I have bought my first Orchid at the weekend, its a very small Phalaenopsis, maybe 12-15cm high, in bloom with flowers approximately the size of pound coins. It's beautiful and I am determined not to kill it!
It is currently in a pot slightly larger than a £2 coin in diameter. There is very little ?soil visible and the roots are curling around the pot. From reading around the subject I understand they like to be a bit pot-bound, but the websites seem to suggest they need re-potting once the roots are curling around the inside of the pot, like mine does. However, they also suggest to re-pot when the plant has finished flowering and when you can see light green growth at the tips of the roots, ie when the roots seem to be growing. So my question is, should I re-pot now or wait until my plant fulfils the criteria above? Any advice very welcome, this includes anything useful about the general care too.

MaximumVolume Tue 25-Apr-17 06:31:06

I currently need to downgrade my pot as my orchid doesn't like having so much space & has never had a flower spike (I grew it from a keiki from a very old orchid). So I'd wait until the repotting criteria are met.

Handbaghag Tue 25-Apr-17 06:36:03

There are special bark type chips especially for orchids to re pot in. I would wait until it's flowered and then buy only a slightly bigger pot and re pot. Alternatively if you bought it from a garden centre, go back and show them the one you bought on their shelves and ask

newmumwithquestions Tue 25-Apr-17 06:44:34

I'm no expert but mine do re flower regularily so I must be doing something right. This is what I'd do:

Wait until it has finished flowering. Hopefully this will take a while - the flowers last ages. Mine are generally very root bound so don't worry if yours is.

Repot using orchid compost not standard compost.

Repot into a clear pot which is then either just on a saucer, or in a glass or clearish plastic 'over pot' - they like a bit of light to their roots (just google 'orchid pots' on eBay, they are often opaque not fully clear, that's fine)

In terms of standard care they don't like sitting in water so remove excess 10 mins after you have watered them. They do like a bit of moisture in the air though - mine are in the bathroom and seem happy.

justkeeponsmiling Tue 25-Apr-17 06:49:54

Wow brilliant thanks for all the tips! I will wait until it stops flowering and then repot. Thanks also for the general advice, I am not green fingered at all but determined to get better! It's such a beautiful plant, I would loath to kill it.

theanxiousgardener Tue 25-Apr-17 07:21:30

I was given a supermarket one as a birthday present three years ago, put it on a very warm and sunny windowsill and have done precisely zilch to it since, apart from occasional drinks of tap water.
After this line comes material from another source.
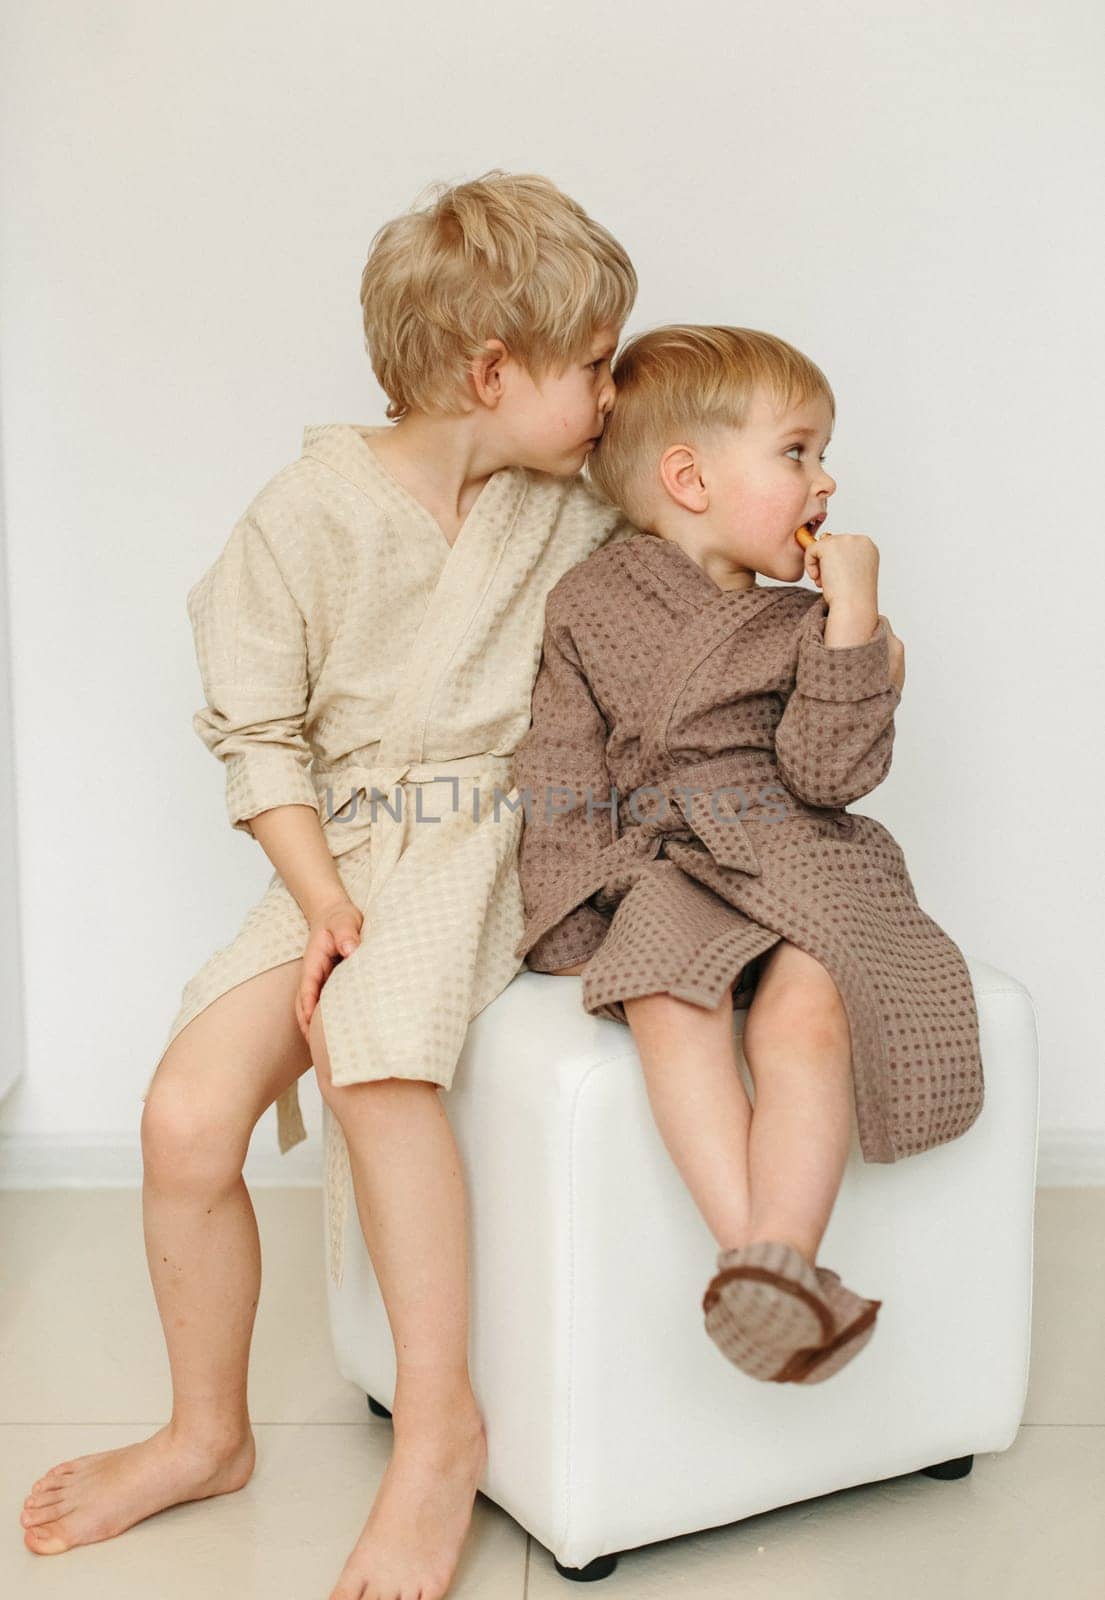 Two boys in bathrobes are sitting on a pouf in a white room. The elder kisses the younger on the back of the head.

It's hardly stopped flowering since. Similarly, there are some on a windowsill at work which no one pays any attention to and yet they flower their hearts out.
I think they will tell you (by not flowering) if they're not happy and otherwise my experience suggests to leave well alone.

justkeeponsmiling Tue 25-Apr-17 08:36:34

That souns like my kind of plant anxious grin

Qwebec Wed 26-Apr-17 01:23:42

As said above wait till the flowers have wilted. Too much stress causes the flowers to abort. A tiny pot like yours is fine, but I upgrade relatively fast because I find the plants become too demanding, but there is absolutely no hurry.
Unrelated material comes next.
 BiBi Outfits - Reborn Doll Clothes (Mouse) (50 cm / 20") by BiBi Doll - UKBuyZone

When you decide to upsize, make sure your plant and the substrate is bone dry. Transfer in new substrate and wait 24h before watering.
Orchids have very fragile roots that are prone to break if tampered with. Open wounds can get infected and condemn a plant. By waiting you give time for healing to occur and minimize the risks.

MaximumVolume Youg orchids take many years to reach sexual maturity. In controlled conditions it is possible to force the plant to start flowering after only 2-3 years, but is is not something accessible for home grown plants.

justkeeponsmiling Wed 26-Apr-17 01:26:17

Fab advice thanks Qwebec

Qwebec Wed 26-Apr-17 01:27:03

Just want to add something to newmum's spot on post about watering.
Do it in the morning. If the core of your orchid is wet and night you risk getting core rot and it will only take a few days for your plant to die. Orchids are tough babies, this their main weakness.